During that crisis the Austro-Hungarian foreign minister, on receiving contradictory messages from the German government, famously threw up his arms in exasperation and asked: ‘Who rules, Moltke [the chief of the German staff] or Bethmann [the chancellor]?’
The correct answer was Moltke but the formulation of the question was revealing in that it excluded the Kaiser from the frame.
However, the Kaiser was largely responsible for antagonising the British and shaping British thinking prior to the Great War. Even as a youngster, the Kaiser was obsessed by the sea and ships. As an adult he wished to pursue Weltmacht (world power) and secure for Germany ‘a place in the sun’. He eagerly absorbed the US historian A T Mahan’s contention that global power in the future would be determined by fleets of heavy battleships and battle cruisers and herein lay the seeds of Anglo-German naval rivalry.
British politicians viewed naval superiority as a vital component in the UK’s global security and prosperity. They viewed the construction of a large German navy as a direct challenge to the UK’s position in the world (which it was). It was perfectly possible for the UK and Germany to resolve their differences on a wide range of issues (eg the proposed railway from Constantinople to Baghdad) but not naval rivalry which poisoned Anglo-German relations.
In January 1907 Sir Eyre Crowe, a senior official in the (British) Foreign Office, drafted a memorandum arguing that Germany was ‘consciously aiming at the establishment of a German hegemony at first in Europe and eventually in the world’ or that ‘the great German design is in reality no more than the vague, confused and unpractical statesmanship not realising its own drift’. Either way, the result was the same. Germany had to be opposed.
This represented a British volte face because in the 1890s the UK had actively sought to establish good relations with Germany. Rebuffed at every turn by the Germans (and the Kaiser had a major role in this), in the first decade of the 20th century the UK turned to resolving its outstanding differences with France and Russia. This imperceptibly morphed beyond resolving outstanding differences into ‘firm-ish’ commitments to France (but admittedly scarcely at all to Russia).
Like Frederick the Great, the Kaiser had a sensitive and intellectual side which he sought to conceal but he lacked Frederick the Great’s military genius. His love affair with the army went unrequited. During the war he was regarded as ‘the Shadow Kaiser’. Despite being ‘the Supreme Warlord’ in whose name the generals acted, the generals completely disregarded and sidelined their royal master.
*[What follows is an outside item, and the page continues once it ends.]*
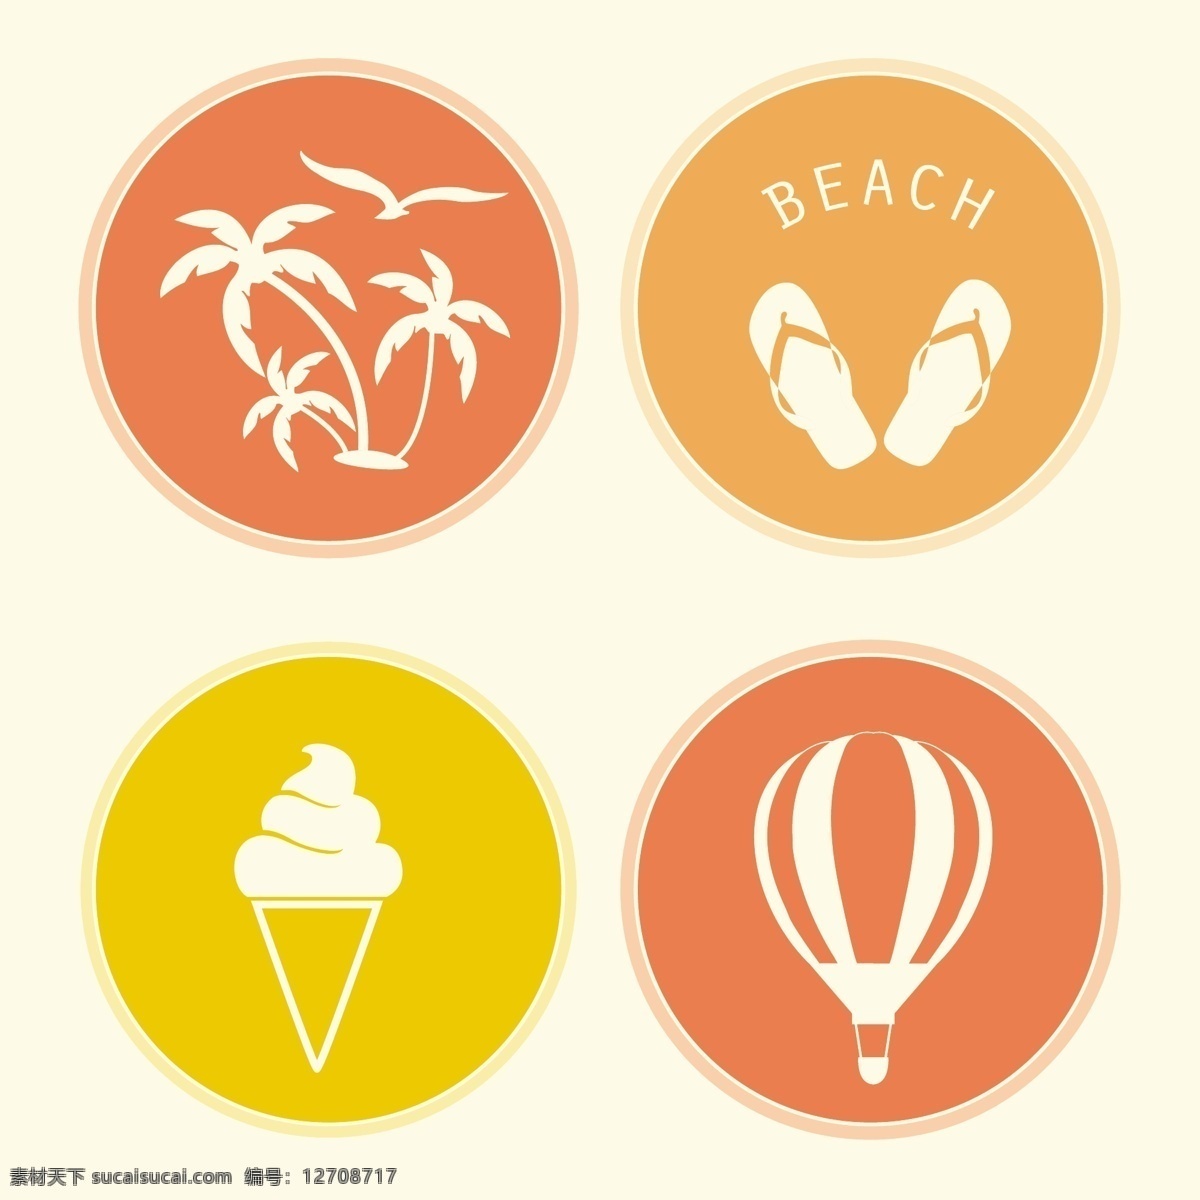 四夏天的徽章 标志 标签 夏季 徽章 邮票 海 海滩 贴纸 太阳 假日 印章 会徽 假期 符号 俱乐部 阳光

He was very reluctant to endorse unrestricted submarine warfare. He thought Germany’s best chance of winning the war or avoiding defeat lay in keeping the United States out of the war. During a visit to Vienna in November 1916 the Kaiser predicted ‘revolution in Moscow and St Petersburg’, ‘complete munitions failure in Russia’, ‘famine in England’ and an exhausted French army. Apart from ‘famine in England’, on this occasion his assessment was more accurate and astute than that of Germany’s military leadership.
Peripheral to events during the Great War – an Austro-Hungarian minister described him as ‘a prisoner of the generals’ – he had been progressively marginalised by the German bureaucracy and military professionals in policy and decision making in the decade or so before the war.